Here are real voice interactions with the completed system:

Morning routine:

You: “Good morning”
Agent: “Good morning! It’s 22 degrees inside, 15 outside. I’ve turned on the kitchen light and started the coffee maker.”

Climate control:

You: “It’s getting warm in here”
Agent: [reads DHT22: 27.5°C] [sends IR: AC 24°C cool] “I’ve turned on the AC to 24 degrees. It’s 27.5 currently, should cool down in about 10 minutes.”

Evening mode:

You: “Movie time”
Agent: [dims lights to 10%] [turns on TV via IR] “Lights dimmed and TV is on. Enjoy your movie.”

Troubleshooting Voice Issues

Wake word not detecting: Check that the INMP441 microphone is wired correctly. The L/R pin must be connected to GND for left channel output. Test by blowing on the microphone — you should see audio level changes in the serial monitor.

Audio quality is poor: The INMP441 is sensitive to electrical noise. Keep the microphone wires short and away from the power lines. A small decoupling capacitor (100nF) near the microphone’s VDD pin helps.

Speaker is too quiet: The MAX98357A gain defaults to 9dB. Connect the GAIN pin to VIN for 15dB, or leave it floating for 12dB. Using a 5V power supply (instead of 3.3V) also increases volume.

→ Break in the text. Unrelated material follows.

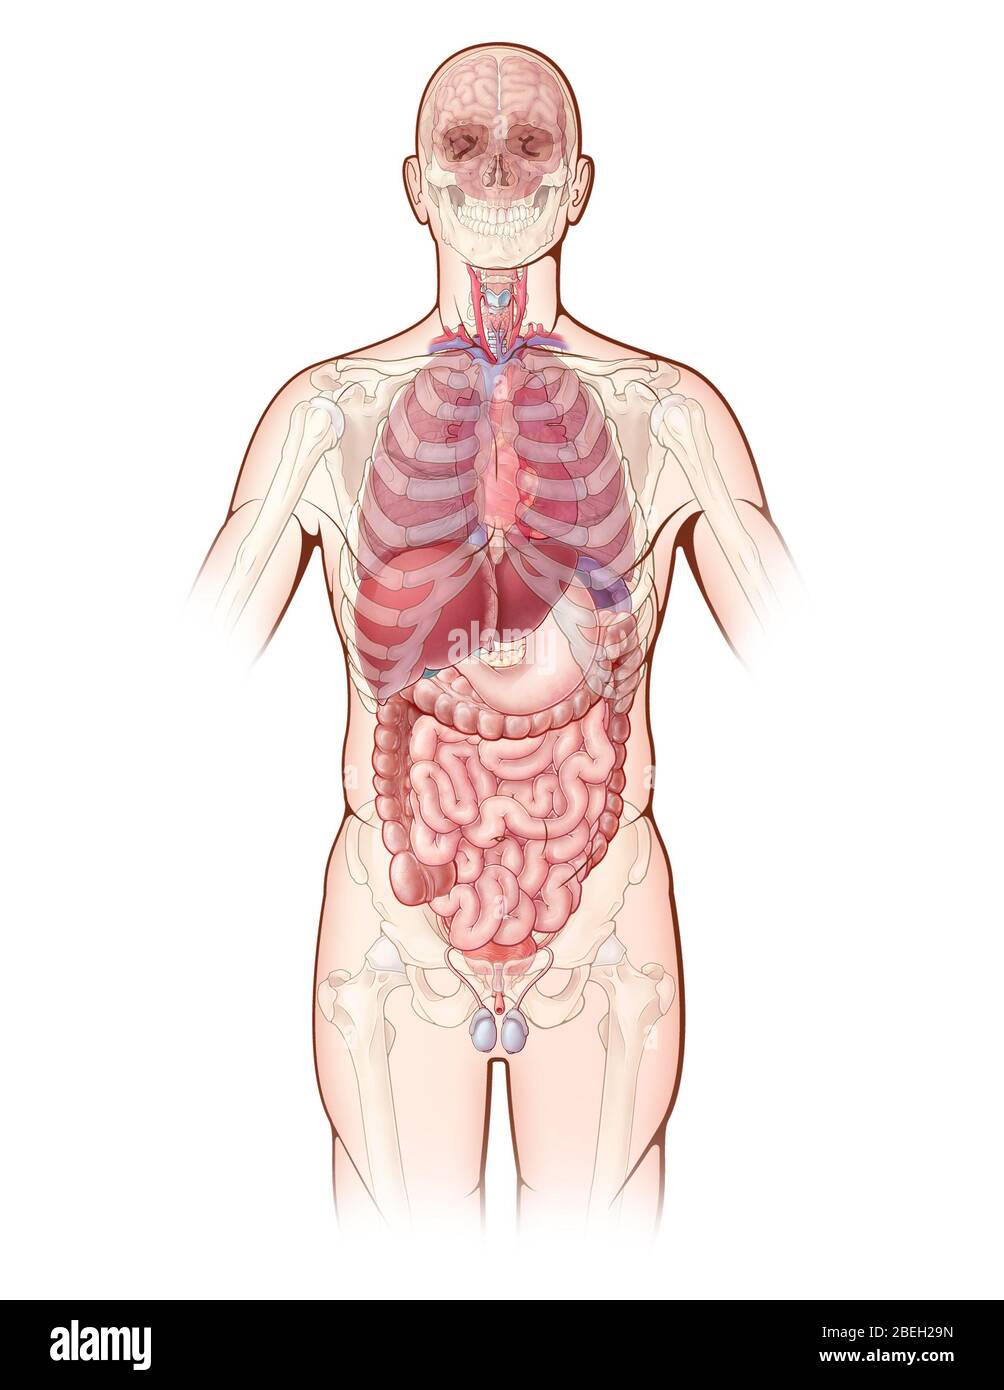 An illustration depicting the major organs in the human body, as well as a ghosted view of the bones of the skeleton. Stock Photo

Response latency is high: The biggest contributor to latency is the speech-to-text step. For faster responses, consider running a local Whisper model on a Raspberry Pi or your home server, and point ESP-Claw’s STT endpoint to it.

False wake word triggers: The default wake word model has a ~5% false positive rate. You can increase the detection threshold in the voice configuration to reduce false triggers at the cost of occasionally needing to repeat yourself.